えこひいき日記

2006年8月4日のえこひいき日記

2006.08.04

先日私の父親が歌舞伎デビューをした。あ、もちろん、舞台に乗るほうではなくて、観客としてである。

我が父は、けして芸術に対して拒絶的・排他的ではないのだが、自主的に積極的でもないという、我が家の文化の中では珍しい人物である。美術館に行っても「なにをみたらいいんやろ」と言う人なのである。
私の家は母が日本舞踊の名取り(ただし人を教えたりはせず、ひたすら自分の趣味で踊る)、叔母は茶道を教えたりもするし、祖母もお茶やお花の免状を持っていて、亡き祖父は詩吟などを嗜んでいたという、なんというか、芸事好きの家なのである。そのおかげで私は、人によっては「敷居が高い」と思ったり興味を持つ機会が単純に乏しくなりがちかもしれない伝統芸能にも、幼少期から比較的さりげなく触れる機会を得ることが出来たが、同時に芸事を好む家の中では私はもっとも「芸のない」人間の一人でもあり、「お琴しか弾けへん」というコンプレックスがあったりする。もっとも現在の日本のアベレージでは「お琴が弾ける(ちょっとだけだけれども)」というのでもけっこう珍らしいということは、一応知っている。アメリカに行ってから知ったんだけどね。
そういう中にあって、なぜ父が我が家の「芸事好き」に感染せずにいたのかの方が不思議なくらいだが、ともあれ父は主体的には全く芸術に興味を示さずにここまで来たお方である。その父が先日、ひょんなことから父の尊敬する人物と一緒に歌舞伎鑑賞をすることになったのである。チケットを受け取った日(鑑賞日から1ヶ月前くらい)から父は微妙にナーバスになり始め「わからへんかったらどうしよ」「なにをみたらいいんや」「居眠りをせずに観れるやろうか」などと口走ったりしていた。その様子を最初は微笑ましく聞き流し(見流し)ていたのだったが、たまたま鑑賞日前日に実家にて夕食をとっていた際にまた父がその“不安”を口にしつつ自らナーバスを盛り上げているのを耳にして、私はつい“親心”を出して父に言った。「みえるものをみえるままにみよし。そしたらきっと楽しめはるから」と。それでも父は「そうかなぁ」などと言い、そのまま日課の犬の散歩に行ってしまった。
そのように、なかなかにコトを案じていた父ではあったが、結果はシンプルにハッピーなものであったようだ。終演後にロビーで合流したとき父は(私も母とその公演を観に行っていたのだ。歌舞伎鑑賞のお誘いがあった際に父が自分の分しかチケットを申し込まなかったとことに対して、歌舞伎大好きの母がへそを曲げたので、私と母は独自にチケットを取って観にいくことにしたのである)「いやー、おもしろかった。身を乗り出してみちゃったよ。話が分からんとこもあったけどな」と明るい表情で話していた。その様子になんだか胸をなでおろしつつも、我が父ながら大変素直で素晴らしいと思ったのであった。先入観を外して物を見ることは実は難しいのだから。今後父が芸事に目覚めたオヤジとしての人生を開花させるか否かはナゾだが、ともあれ、素直にものを見ようとして「みることのできる」才能を持ち合わせる父を、私はなんだか嬉しく思ってしまった。

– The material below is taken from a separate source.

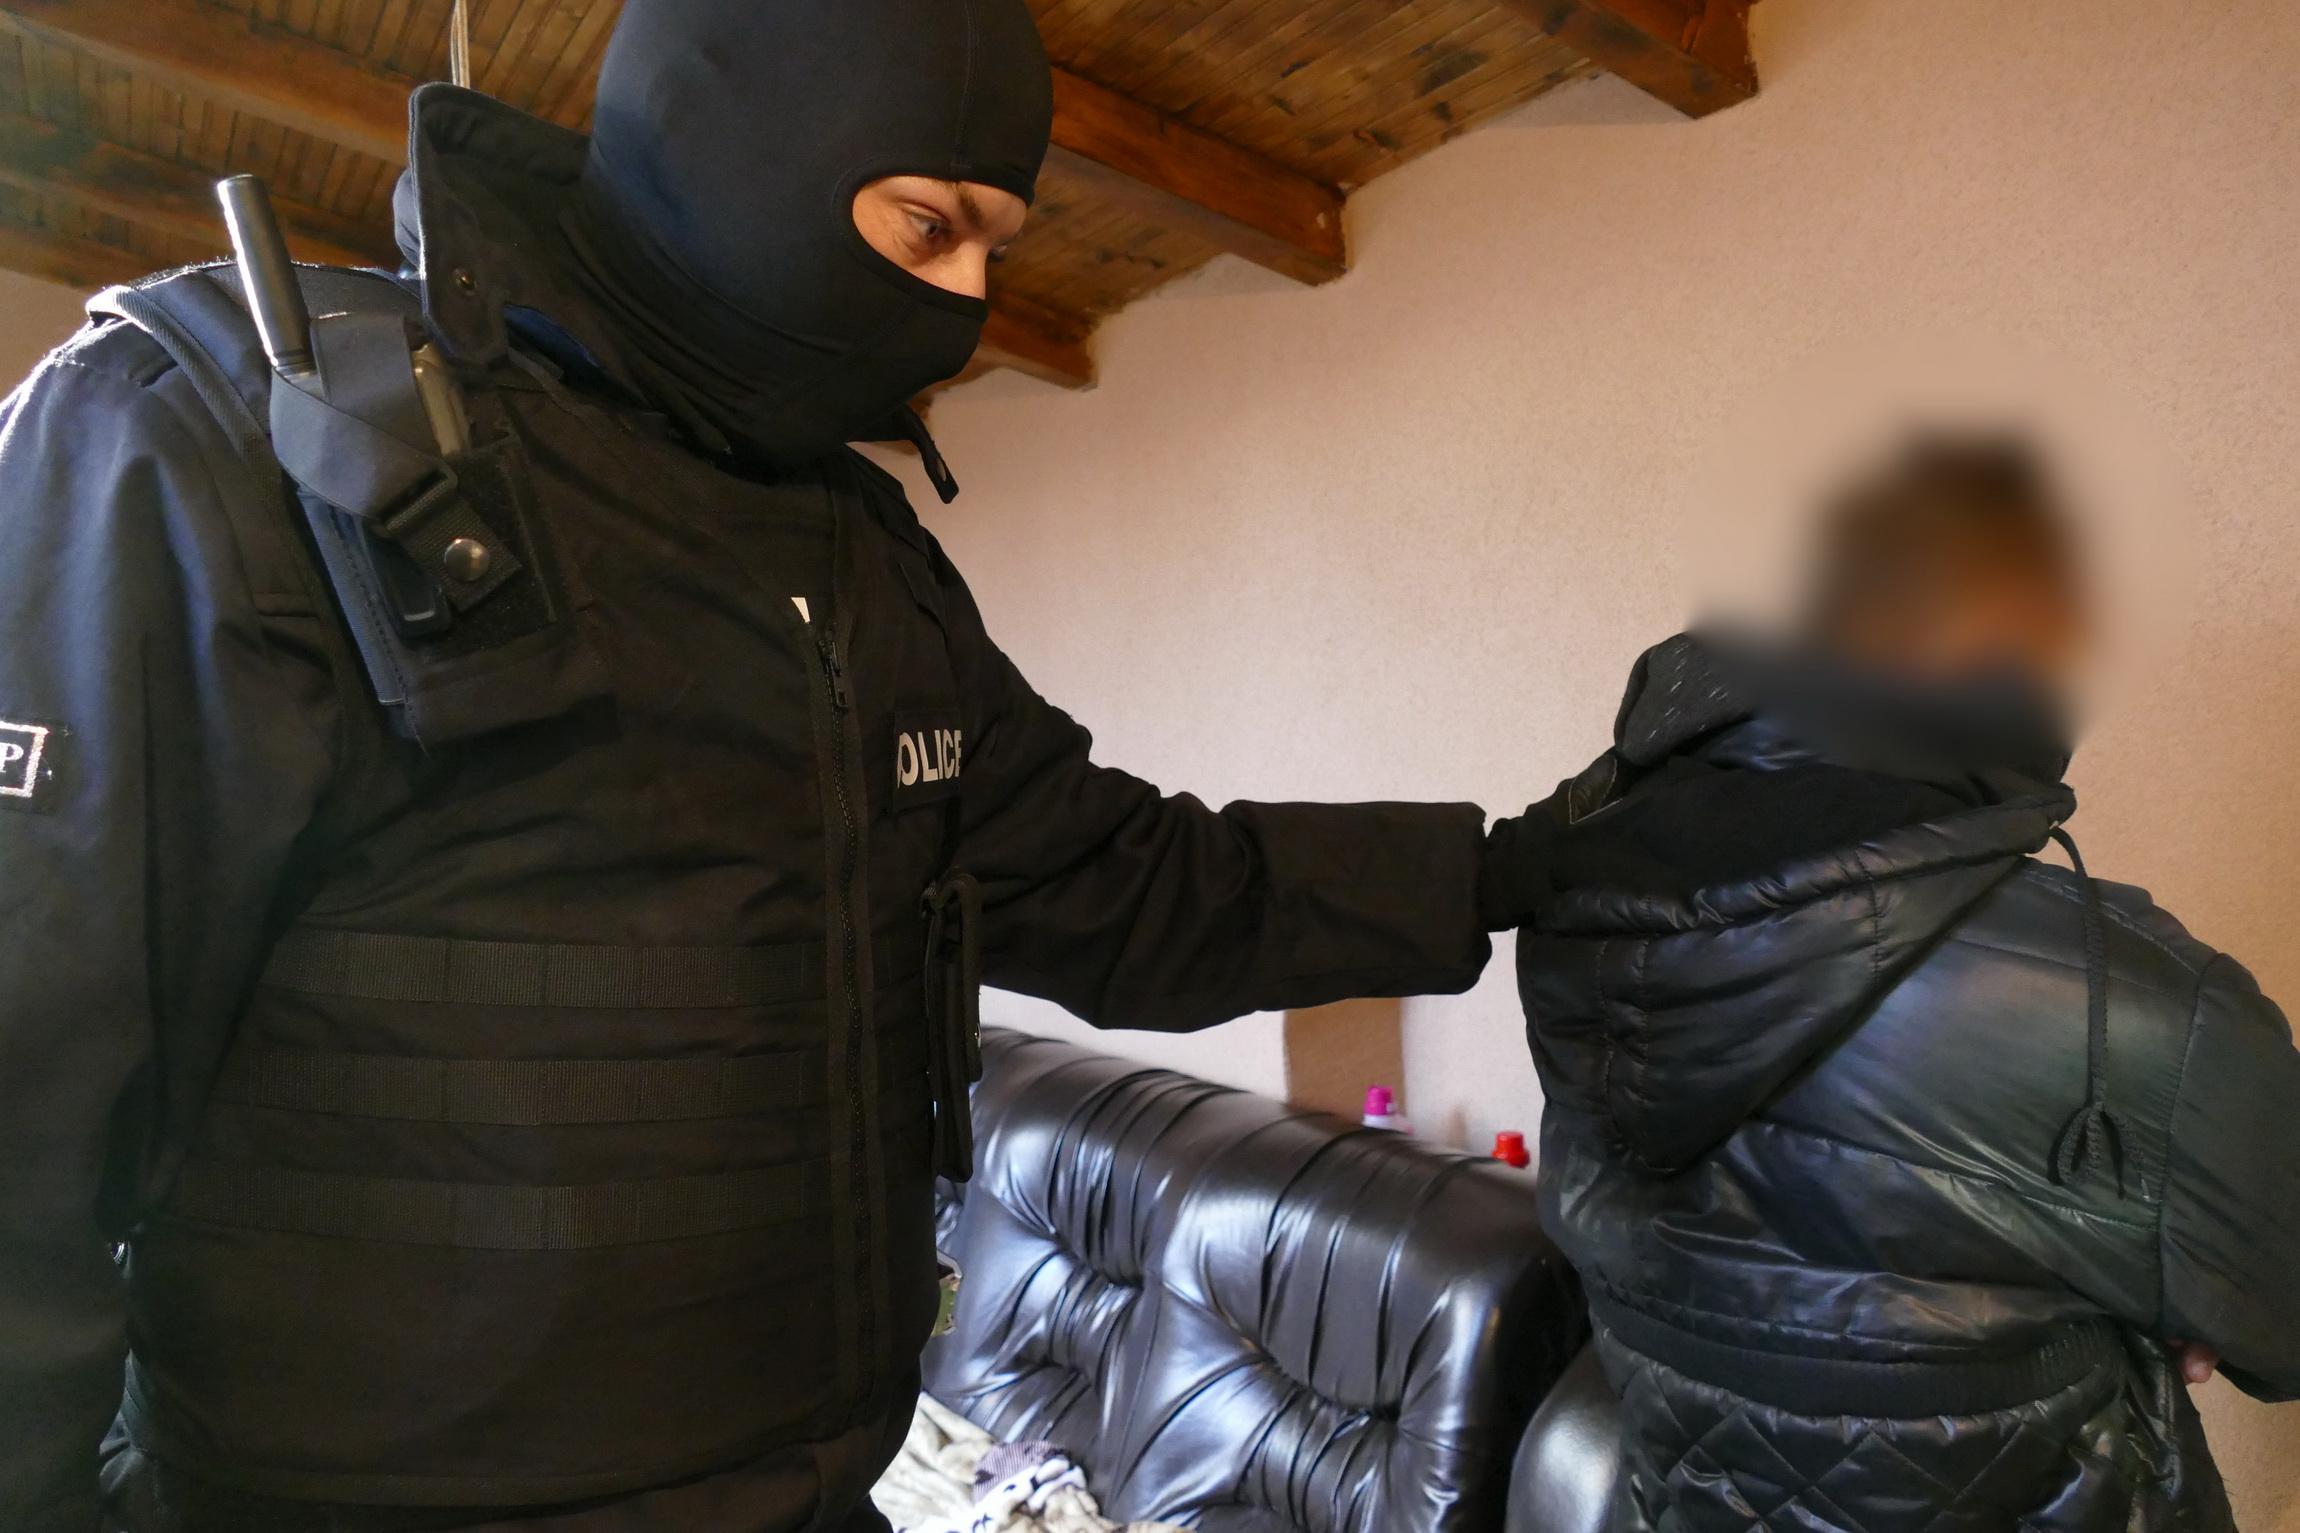 ГДБОП ударила в Казанлък наркоканал за Австрия
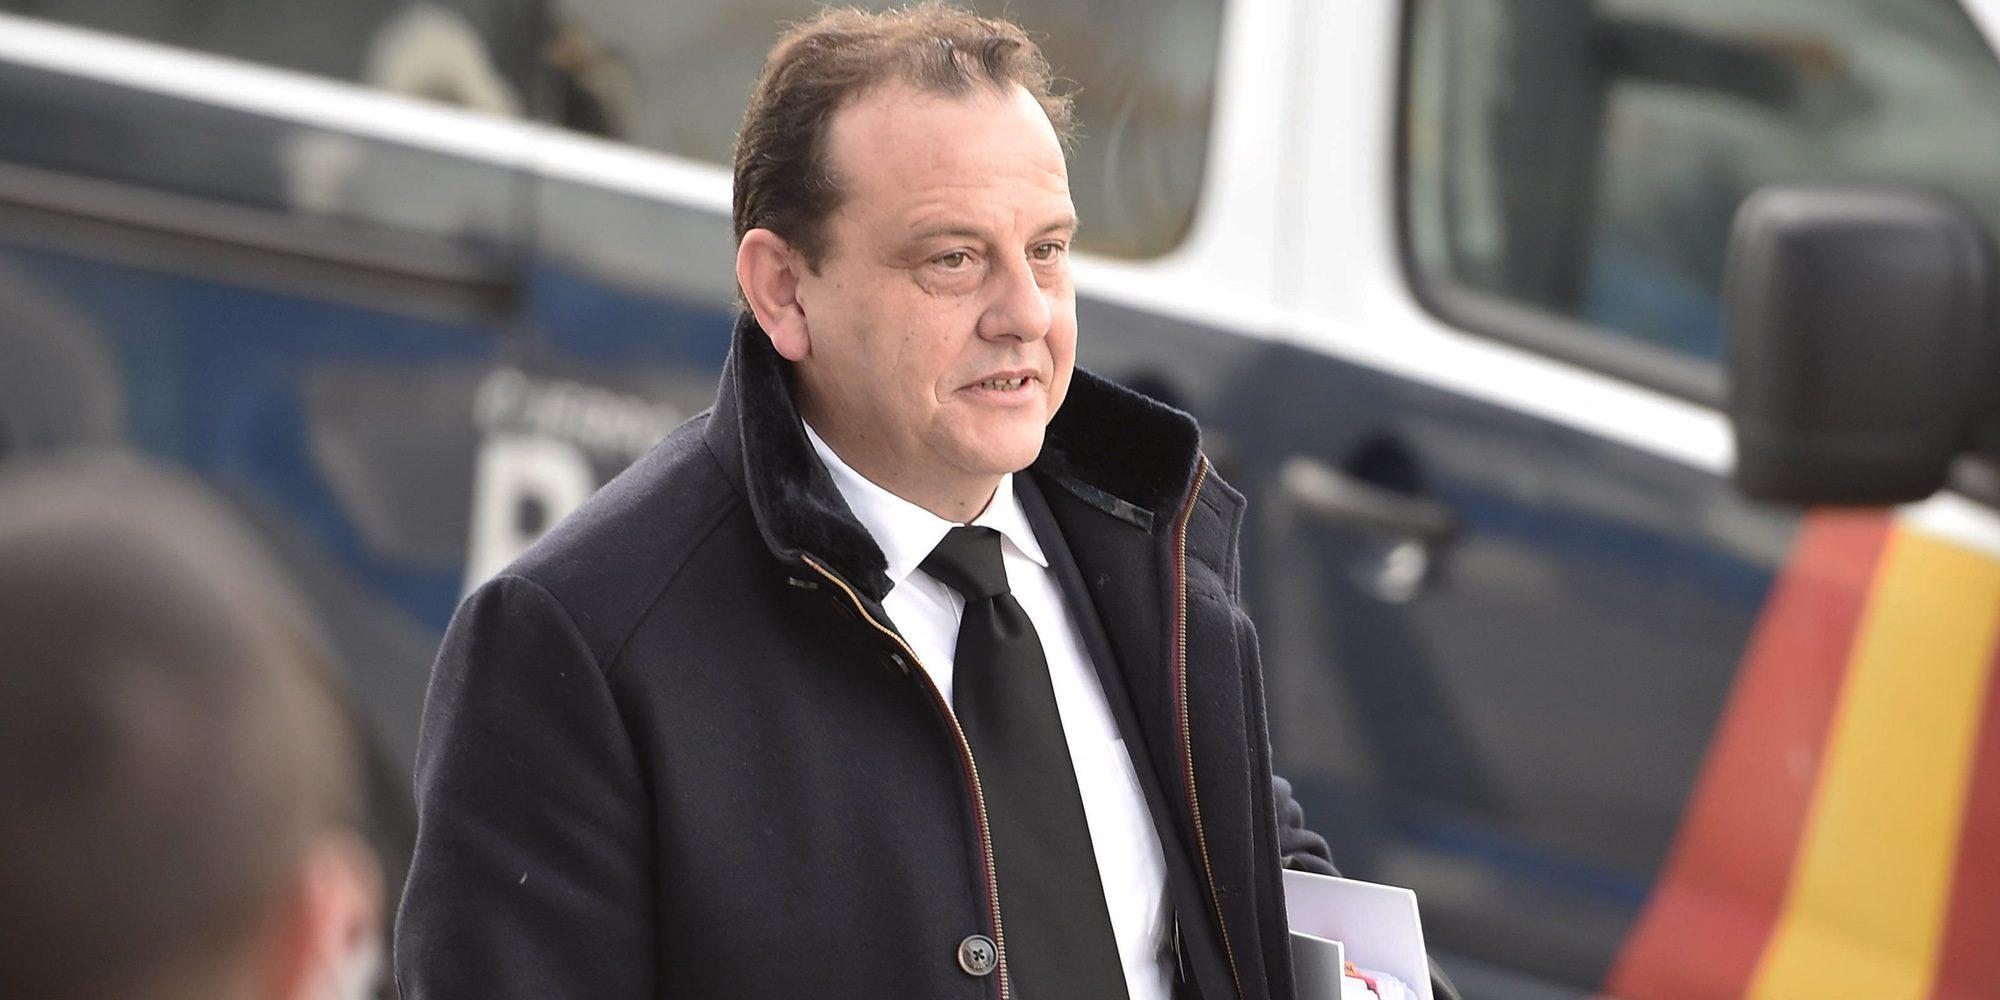 El fiscal Horrach confirma que pedirá más cárcel para Iñaki Urdangarín ante el Tribunal Supremo

「ものをみる(みえる)」というのは視覚的な問題だけではなく、認識や観点の問題である。そうでなければ、父は美術館や劇場で「なにをみたらいいんや」などと悩む必要はないのである。みえているものをみることがいかに難しいかは、この仕事をしているとよくわかる。なぜここにある自分のからだのことが(正確に表現するならば「からだ」という認識でその存在を認識されているものが)こんなにもわからないのかと、悩んだり苦しんだり、肉体的にも精神的にも自分を追い詰め、結果的に傷つけるようなかり方ばかりしてきたクライアントを私は大勢みてきた。同時に、何分か前まではぜんぜん「わからないもの」だったそれが、少しずつ「わかるもの」に変わっていく魔法を何度もみてきた。「わかる」と「わからない」の間に何が存在し、何が両者を隔てているのかを何度もみてみたいと思った。でもまだ自分に何がみえているのかがわかりきらないでいる。少なくとも、明確に言葉やかたちにできるほどには。しかし存在を疑うほど何もみていないわけでもみえていないわけでもないような気がしている。